+++ Input material

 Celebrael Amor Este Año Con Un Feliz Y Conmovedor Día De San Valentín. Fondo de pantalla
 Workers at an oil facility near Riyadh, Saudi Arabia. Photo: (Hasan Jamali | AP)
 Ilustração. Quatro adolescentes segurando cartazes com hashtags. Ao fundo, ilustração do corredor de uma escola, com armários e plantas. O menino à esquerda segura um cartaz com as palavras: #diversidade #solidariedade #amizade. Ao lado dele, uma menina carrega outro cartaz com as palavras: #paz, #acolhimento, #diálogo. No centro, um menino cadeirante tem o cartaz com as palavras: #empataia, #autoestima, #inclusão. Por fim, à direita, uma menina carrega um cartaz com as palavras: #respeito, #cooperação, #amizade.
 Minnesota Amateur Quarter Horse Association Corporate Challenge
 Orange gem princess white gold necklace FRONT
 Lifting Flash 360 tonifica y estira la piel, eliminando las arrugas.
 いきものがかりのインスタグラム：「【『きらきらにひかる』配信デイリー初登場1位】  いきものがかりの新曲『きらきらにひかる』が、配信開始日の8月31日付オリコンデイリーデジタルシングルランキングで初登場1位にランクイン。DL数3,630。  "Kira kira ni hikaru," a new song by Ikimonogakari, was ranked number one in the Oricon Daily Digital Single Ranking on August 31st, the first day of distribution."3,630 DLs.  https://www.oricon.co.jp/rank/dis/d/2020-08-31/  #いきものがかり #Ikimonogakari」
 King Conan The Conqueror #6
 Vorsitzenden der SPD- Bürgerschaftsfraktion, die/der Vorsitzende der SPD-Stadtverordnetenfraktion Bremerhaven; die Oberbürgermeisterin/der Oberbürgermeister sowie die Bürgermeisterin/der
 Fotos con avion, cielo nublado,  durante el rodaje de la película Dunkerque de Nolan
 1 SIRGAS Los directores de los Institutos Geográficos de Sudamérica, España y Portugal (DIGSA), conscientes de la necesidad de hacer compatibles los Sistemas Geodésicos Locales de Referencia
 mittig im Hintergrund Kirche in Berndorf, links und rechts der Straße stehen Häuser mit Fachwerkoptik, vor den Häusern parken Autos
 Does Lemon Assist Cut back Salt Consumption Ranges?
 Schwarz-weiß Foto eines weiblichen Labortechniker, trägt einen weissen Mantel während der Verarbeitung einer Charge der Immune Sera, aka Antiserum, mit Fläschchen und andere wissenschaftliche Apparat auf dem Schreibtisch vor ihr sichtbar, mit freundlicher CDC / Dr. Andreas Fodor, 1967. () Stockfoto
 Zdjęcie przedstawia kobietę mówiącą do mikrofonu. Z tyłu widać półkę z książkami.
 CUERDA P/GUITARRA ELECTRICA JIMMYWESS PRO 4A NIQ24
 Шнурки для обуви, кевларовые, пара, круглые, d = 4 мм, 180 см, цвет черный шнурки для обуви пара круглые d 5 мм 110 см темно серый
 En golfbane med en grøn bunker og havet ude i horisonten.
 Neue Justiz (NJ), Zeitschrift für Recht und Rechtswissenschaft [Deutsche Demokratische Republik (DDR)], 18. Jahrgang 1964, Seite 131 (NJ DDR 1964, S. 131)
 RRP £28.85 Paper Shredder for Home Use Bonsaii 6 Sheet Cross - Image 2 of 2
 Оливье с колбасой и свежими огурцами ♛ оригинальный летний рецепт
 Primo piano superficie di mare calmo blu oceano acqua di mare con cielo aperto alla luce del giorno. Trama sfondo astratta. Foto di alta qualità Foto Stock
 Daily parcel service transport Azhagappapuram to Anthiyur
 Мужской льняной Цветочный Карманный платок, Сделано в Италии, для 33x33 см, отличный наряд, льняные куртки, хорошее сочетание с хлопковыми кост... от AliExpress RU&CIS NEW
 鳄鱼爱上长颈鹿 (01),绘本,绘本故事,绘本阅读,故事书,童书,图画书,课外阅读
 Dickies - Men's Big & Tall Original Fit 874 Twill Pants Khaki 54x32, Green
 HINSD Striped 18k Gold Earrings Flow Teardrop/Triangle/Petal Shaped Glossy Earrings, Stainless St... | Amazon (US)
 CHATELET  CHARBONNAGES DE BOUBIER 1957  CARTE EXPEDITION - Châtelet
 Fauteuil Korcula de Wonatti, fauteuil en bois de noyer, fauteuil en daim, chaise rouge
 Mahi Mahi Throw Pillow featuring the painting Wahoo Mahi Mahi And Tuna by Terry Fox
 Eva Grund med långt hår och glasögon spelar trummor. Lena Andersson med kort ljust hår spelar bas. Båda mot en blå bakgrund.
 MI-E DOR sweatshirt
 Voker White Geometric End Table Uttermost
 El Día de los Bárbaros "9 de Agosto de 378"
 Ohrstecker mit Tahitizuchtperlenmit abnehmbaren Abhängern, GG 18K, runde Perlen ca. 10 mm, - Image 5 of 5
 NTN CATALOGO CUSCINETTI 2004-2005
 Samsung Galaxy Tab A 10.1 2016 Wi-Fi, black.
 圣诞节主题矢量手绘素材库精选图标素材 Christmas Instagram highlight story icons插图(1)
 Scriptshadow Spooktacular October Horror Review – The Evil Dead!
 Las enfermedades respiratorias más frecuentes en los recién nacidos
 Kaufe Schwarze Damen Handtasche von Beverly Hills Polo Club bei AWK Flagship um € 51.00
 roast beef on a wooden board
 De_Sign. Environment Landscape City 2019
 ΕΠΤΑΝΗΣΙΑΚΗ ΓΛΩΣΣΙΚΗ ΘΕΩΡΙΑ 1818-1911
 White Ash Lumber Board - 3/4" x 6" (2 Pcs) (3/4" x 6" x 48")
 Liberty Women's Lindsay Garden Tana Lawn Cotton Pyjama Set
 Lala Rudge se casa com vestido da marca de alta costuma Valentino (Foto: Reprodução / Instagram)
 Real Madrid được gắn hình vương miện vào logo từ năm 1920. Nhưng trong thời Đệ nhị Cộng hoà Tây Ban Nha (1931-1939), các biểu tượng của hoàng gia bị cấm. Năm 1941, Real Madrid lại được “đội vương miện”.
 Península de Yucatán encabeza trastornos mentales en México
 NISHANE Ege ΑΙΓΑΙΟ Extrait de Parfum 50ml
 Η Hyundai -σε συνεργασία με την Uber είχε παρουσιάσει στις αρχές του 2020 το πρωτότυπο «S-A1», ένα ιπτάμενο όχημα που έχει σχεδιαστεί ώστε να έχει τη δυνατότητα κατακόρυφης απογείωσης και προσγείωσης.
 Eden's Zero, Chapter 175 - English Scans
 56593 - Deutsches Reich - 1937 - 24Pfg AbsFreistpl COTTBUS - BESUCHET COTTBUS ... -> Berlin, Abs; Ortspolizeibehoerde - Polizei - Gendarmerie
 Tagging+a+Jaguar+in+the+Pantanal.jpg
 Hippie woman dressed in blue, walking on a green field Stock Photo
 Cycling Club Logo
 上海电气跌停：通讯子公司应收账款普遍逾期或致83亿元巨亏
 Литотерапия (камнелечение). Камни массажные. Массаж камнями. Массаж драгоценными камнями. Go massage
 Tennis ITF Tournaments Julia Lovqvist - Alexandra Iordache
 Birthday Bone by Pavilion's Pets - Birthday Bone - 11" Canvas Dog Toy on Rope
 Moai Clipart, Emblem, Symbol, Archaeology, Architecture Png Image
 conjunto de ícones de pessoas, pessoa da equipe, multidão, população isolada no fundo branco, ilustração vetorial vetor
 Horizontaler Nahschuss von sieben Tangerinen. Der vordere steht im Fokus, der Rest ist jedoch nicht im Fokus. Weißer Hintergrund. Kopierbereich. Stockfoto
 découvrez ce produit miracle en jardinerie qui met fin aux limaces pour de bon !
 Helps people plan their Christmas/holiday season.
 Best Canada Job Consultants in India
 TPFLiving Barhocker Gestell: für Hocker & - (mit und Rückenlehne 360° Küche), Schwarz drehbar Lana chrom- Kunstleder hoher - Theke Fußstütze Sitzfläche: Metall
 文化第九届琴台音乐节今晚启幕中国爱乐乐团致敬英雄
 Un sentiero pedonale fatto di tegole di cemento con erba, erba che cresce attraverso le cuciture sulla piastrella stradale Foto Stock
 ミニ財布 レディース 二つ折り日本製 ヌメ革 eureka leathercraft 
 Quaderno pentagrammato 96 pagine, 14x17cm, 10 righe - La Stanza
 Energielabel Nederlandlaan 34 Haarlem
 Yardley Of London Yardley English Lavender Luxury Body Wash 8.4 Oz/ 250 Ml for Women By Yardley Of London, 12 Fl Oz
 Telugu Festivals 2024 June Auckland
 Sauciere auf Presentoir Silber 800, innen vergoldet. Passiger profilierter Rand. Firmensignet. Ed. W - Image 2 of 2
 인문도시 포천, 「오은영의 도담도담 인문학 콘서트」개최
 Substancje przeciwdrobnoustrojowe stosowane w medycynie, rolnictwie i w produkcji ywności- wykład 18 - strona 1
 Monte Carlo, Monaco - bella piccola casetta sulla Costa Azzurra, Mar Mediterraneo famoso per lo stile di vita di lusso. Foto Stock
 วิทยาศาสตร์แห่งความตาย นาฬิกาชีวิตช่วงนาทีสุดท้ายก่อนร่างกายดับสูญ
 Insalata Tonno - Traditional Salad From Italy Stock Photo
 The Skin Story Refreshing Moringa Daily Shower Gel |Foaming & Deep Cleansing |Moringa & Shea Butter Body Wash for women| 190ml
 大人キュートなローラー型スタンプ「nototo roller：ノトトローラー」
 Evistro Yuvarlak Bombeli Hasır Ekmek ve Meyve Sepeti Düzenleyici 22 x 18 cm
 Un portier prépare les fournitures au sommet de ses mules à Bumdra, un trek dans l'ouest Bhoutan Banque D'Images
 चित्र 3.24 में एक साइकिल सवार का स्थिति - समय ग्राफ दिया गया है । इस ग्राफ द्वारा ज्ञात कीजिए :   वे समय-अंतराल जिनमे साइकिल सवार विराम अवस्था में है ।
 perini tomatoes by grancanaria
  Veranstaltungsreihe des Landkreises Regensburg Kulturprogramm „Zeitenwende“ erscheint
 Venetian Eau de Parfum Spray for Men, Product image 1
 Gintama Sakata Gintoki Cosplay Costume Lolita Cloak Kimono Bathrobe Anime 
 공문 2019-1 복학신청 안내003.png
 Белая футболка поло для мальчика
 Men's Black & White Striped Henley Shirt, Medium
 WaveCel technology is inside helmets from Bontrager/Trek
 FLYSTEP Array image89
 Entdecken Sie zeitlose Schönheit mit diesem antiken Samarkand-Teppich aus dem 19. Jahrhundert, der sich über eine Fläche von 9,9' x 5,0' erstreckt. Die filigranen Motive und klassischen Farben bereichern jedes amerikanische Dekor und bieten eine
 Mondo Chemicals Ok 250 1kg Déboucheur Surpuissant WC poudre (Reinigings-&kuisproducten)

++++++

Task description: Your answer must be every line from the entries that contains the string "Parfum", copied as it stands.

Answer to the problem:
 NISHANE Ege ΑΙΓΑΙΟ Extrait de Parfum 50ml
 Venetian Eau de Parfum Spray for Men, Product image 1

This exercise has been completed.